▶ _EXERCISE_
From the entries that follow, pick out all lines holding "Stock".

▶ _DATA TO USE_
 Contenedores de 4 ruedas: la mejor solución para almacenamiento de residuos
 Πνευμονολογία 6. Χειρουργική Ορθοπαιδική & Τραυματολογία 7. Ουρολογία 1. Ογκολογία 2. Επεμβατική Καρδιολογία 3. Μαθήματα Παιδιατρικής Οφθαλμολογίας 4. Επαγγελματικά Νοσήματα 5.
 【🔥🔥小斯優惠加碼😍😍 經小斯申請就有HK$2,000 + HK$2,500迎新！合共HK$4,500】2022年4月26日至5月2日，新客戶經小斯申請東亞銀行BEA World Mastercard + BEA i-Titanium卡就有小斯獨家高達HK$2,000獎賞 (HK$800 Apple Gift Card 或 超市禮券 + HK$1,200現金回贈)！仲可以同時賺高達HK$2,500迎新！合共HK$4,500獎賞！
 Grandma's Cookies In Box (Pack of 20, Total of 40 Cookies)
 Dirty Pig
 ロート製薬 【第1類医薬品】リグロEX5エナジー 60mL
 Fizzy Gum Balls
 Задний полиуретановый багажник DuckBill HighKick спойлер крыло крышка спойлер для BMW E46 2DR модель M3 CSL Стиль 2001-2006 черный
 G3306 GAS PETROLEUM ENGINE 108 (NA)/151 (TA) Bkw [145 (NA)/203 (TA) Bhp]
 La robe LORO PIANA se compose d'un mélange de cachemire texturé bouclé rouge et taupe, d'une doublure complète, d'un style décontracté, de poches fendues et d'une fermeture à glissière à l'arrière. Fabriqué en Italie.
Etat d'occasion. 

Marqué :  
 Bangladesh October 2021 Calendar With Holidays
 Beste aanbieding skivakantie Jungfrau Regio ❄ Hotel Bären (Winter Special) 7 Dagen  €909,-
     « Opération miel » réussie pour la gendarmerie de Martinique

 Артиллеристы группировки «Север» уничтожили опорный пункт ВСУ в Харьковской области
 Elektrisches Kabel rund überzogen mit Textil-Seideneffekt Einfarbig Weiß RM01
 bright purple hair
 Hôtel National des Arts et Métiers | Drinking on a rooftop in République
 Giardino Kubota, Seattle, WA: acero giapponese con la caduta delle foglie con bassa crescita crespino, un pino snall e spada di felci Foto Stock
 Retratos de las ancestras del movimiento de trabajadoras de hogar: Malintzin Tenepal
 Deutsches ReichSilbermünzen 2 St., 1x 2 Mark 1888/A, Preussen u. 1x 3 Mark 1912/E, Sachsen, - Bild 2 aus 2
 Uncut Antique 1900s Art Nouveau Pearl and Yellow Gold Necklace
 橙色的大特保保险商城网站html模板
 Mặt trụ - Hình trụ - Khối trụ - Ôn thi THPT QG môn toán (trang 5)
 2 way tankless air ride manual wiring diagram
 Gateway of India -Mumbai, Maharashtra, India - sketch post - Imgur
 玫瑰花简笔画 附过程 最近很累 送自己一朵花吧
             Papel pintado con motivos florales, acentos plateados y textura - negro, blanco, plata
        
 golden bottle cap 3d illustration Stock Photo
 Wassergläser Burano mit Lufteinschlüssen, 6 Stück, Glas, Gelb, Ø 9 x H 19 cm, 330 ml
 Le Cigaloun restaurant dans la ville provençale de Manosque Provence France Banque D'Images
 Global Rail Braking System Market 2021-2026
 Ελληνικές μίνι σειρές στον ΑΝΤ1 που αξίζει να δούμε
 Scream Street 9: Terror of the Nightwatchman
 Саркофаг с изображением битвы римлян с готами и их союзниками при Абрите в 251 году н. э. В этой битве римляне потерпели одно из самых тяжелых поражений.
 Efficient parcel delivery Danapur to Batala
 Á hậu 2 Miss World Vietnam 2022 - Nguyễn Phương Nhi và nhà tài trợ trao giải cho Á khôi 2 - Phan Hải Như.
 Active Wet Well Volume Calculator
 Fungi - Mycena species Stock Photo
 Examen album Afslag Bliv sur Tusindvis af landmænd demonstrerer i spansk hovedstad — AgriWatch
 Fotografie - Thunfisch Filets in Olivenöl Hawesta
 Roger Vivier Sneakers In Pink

▶ _REPLY_
 Giardino Kubota, Seattle, WA: acero giapponese con la caduta delle foglie con bassa crescita crespino, un pino snall e spada di felci Foto Stock
 golden bottle cap 3d illustration Stock Photo
 Fungi - Mycena species Stock Photo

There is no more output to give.